ABOUT THIS EXERCISE> Below are some entries. Transcribe the lines from the one holding "Brandilyn Wycoff" to the one holding "L'arabe sans ornement", inclusive, but not the pictures among them.

INPUT DATA>
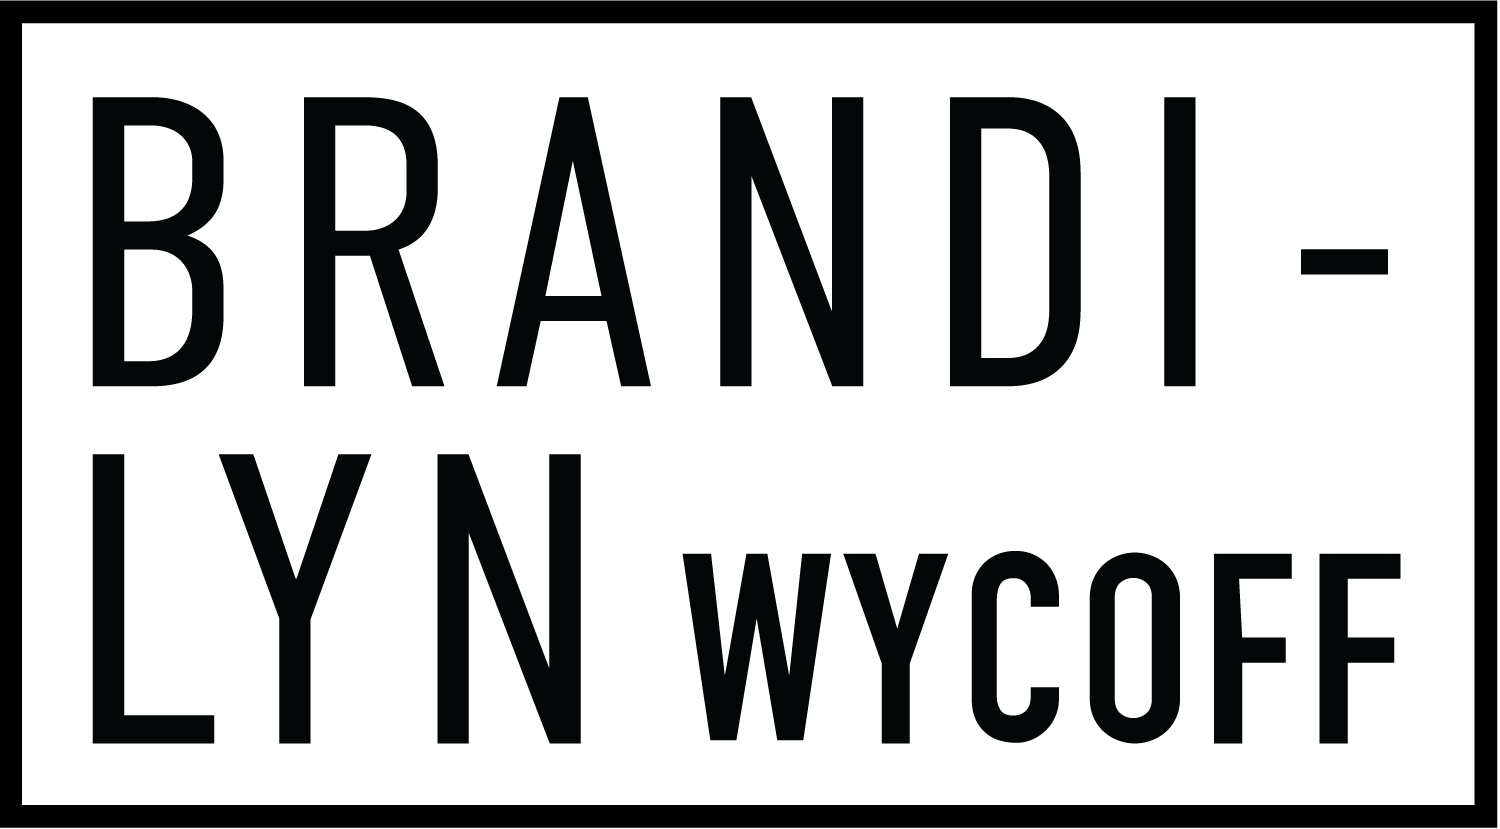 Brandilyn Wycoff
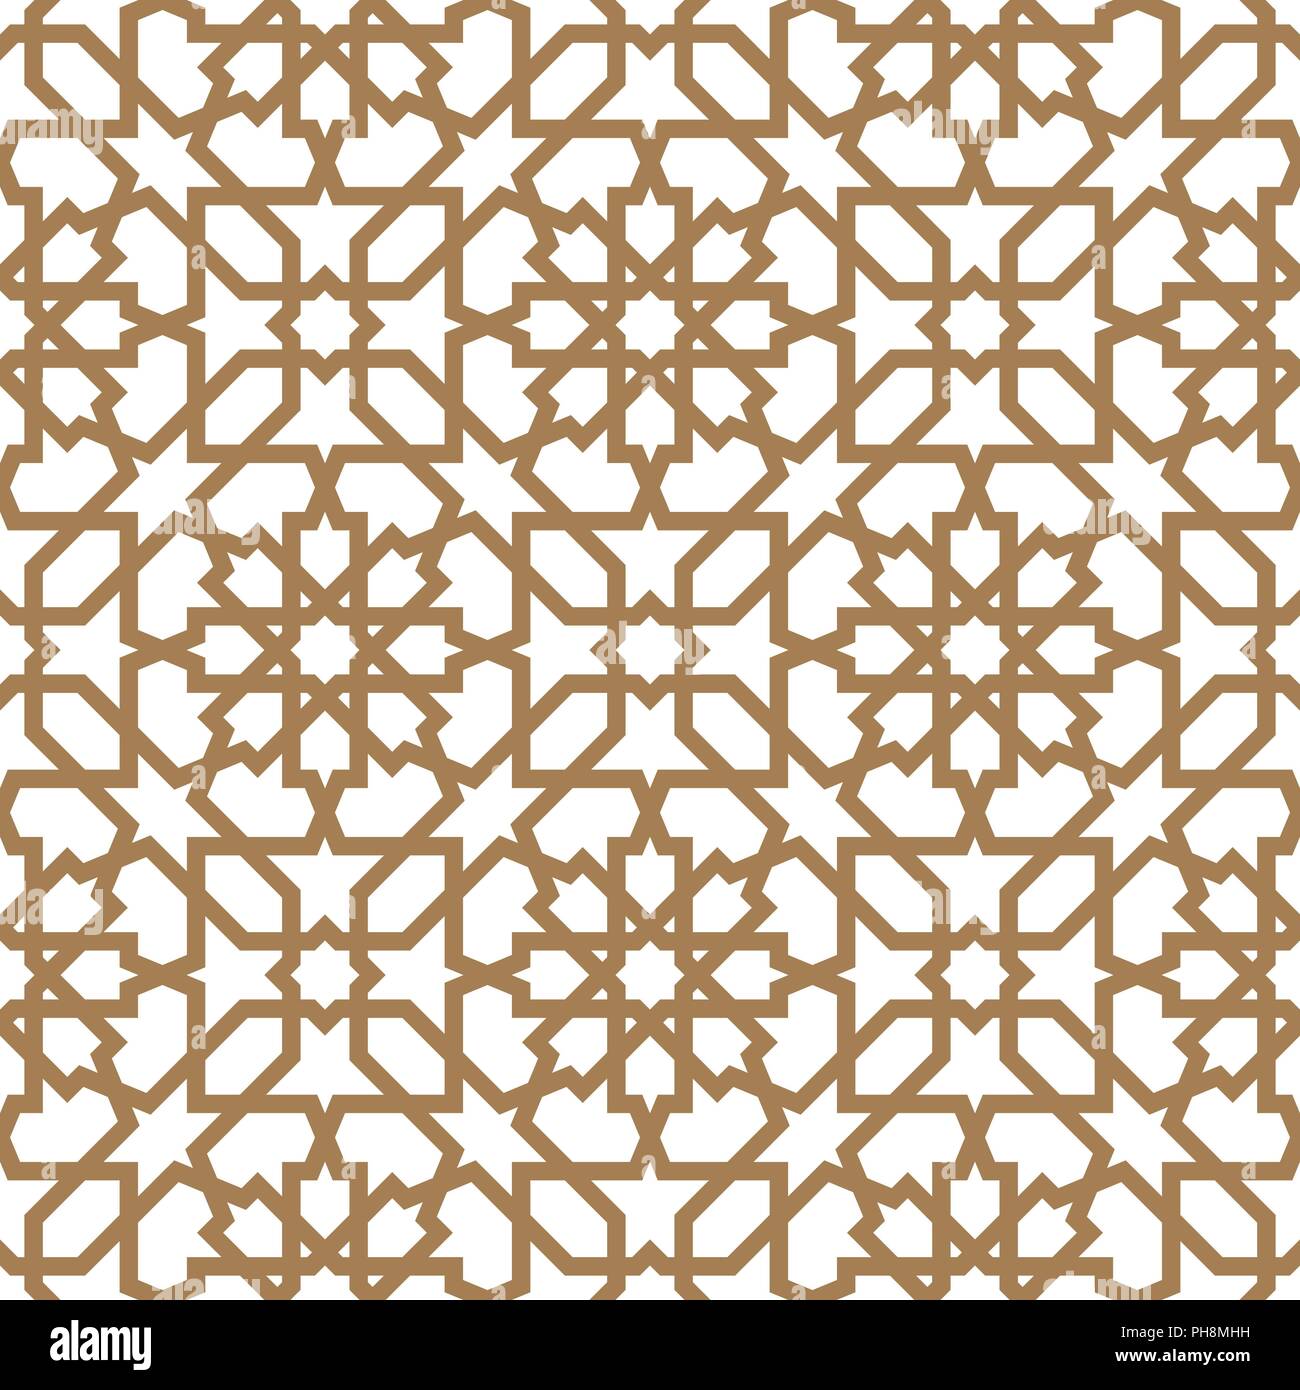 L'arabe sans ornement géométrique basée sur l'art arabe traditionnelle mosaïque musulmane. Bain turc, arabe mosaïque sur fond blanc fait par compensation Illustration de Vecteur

...

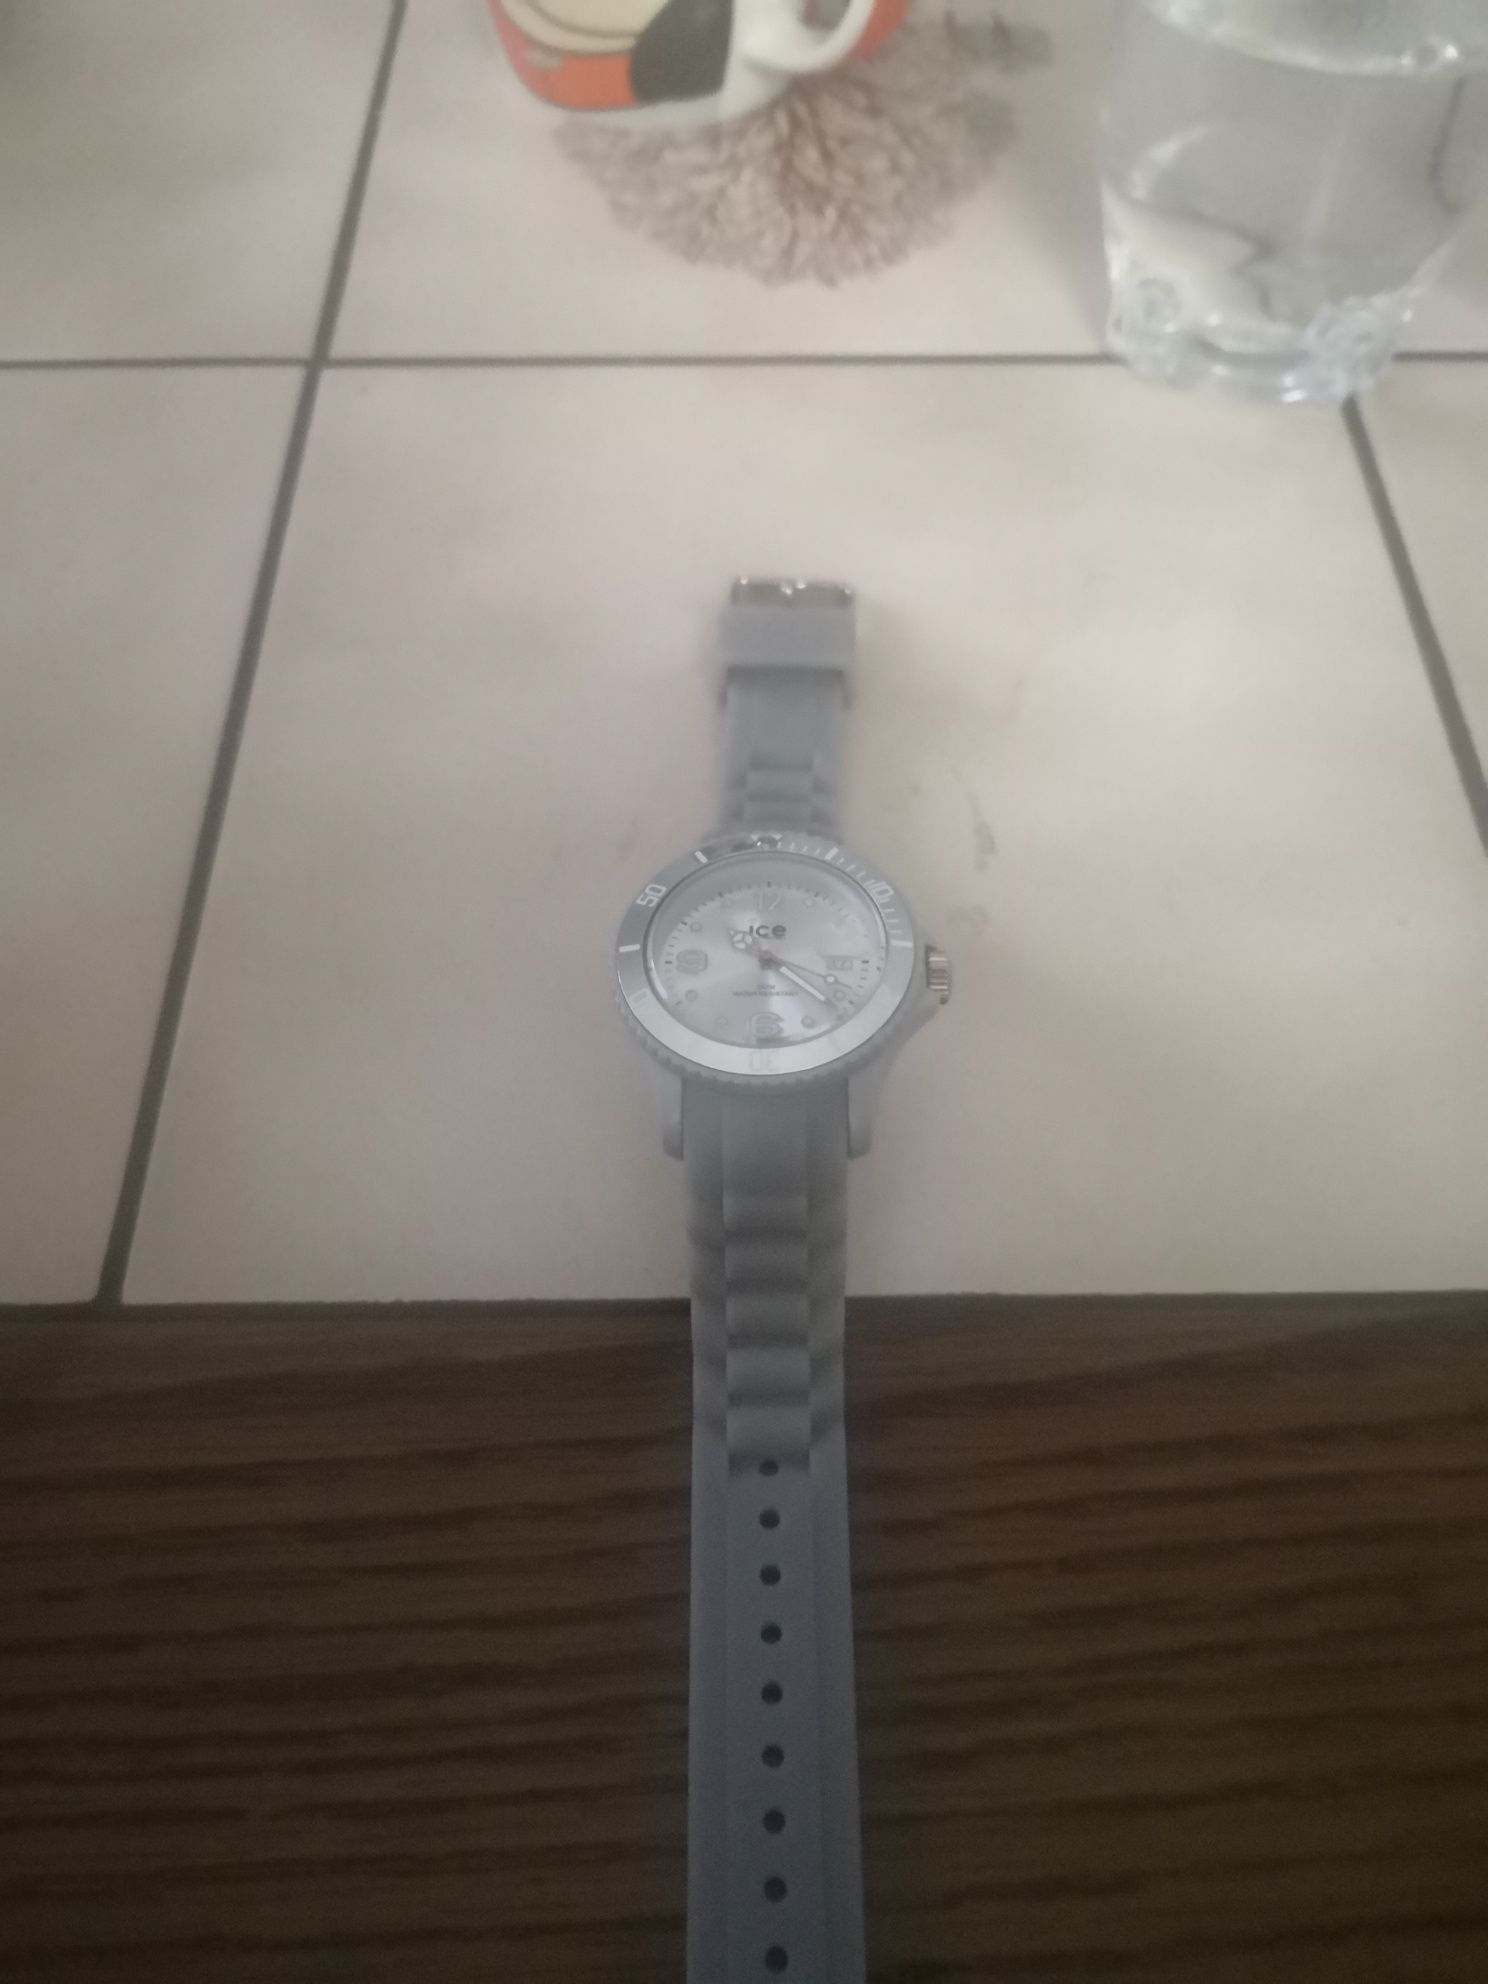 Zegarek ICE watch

--

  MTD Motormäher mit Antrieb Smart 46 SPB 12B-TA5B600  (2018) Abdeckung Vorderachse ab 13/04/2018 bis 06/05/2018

WRITTEN SOLUTION>
 Brandilyn Wycoff
 L'arabe sans ornement géométrique basée sur l'art arabe traditionnelle mosaïque musulmane. Bain turc, arabe mosaïque sur fond blanc fait par compensation Illustration de Vecteur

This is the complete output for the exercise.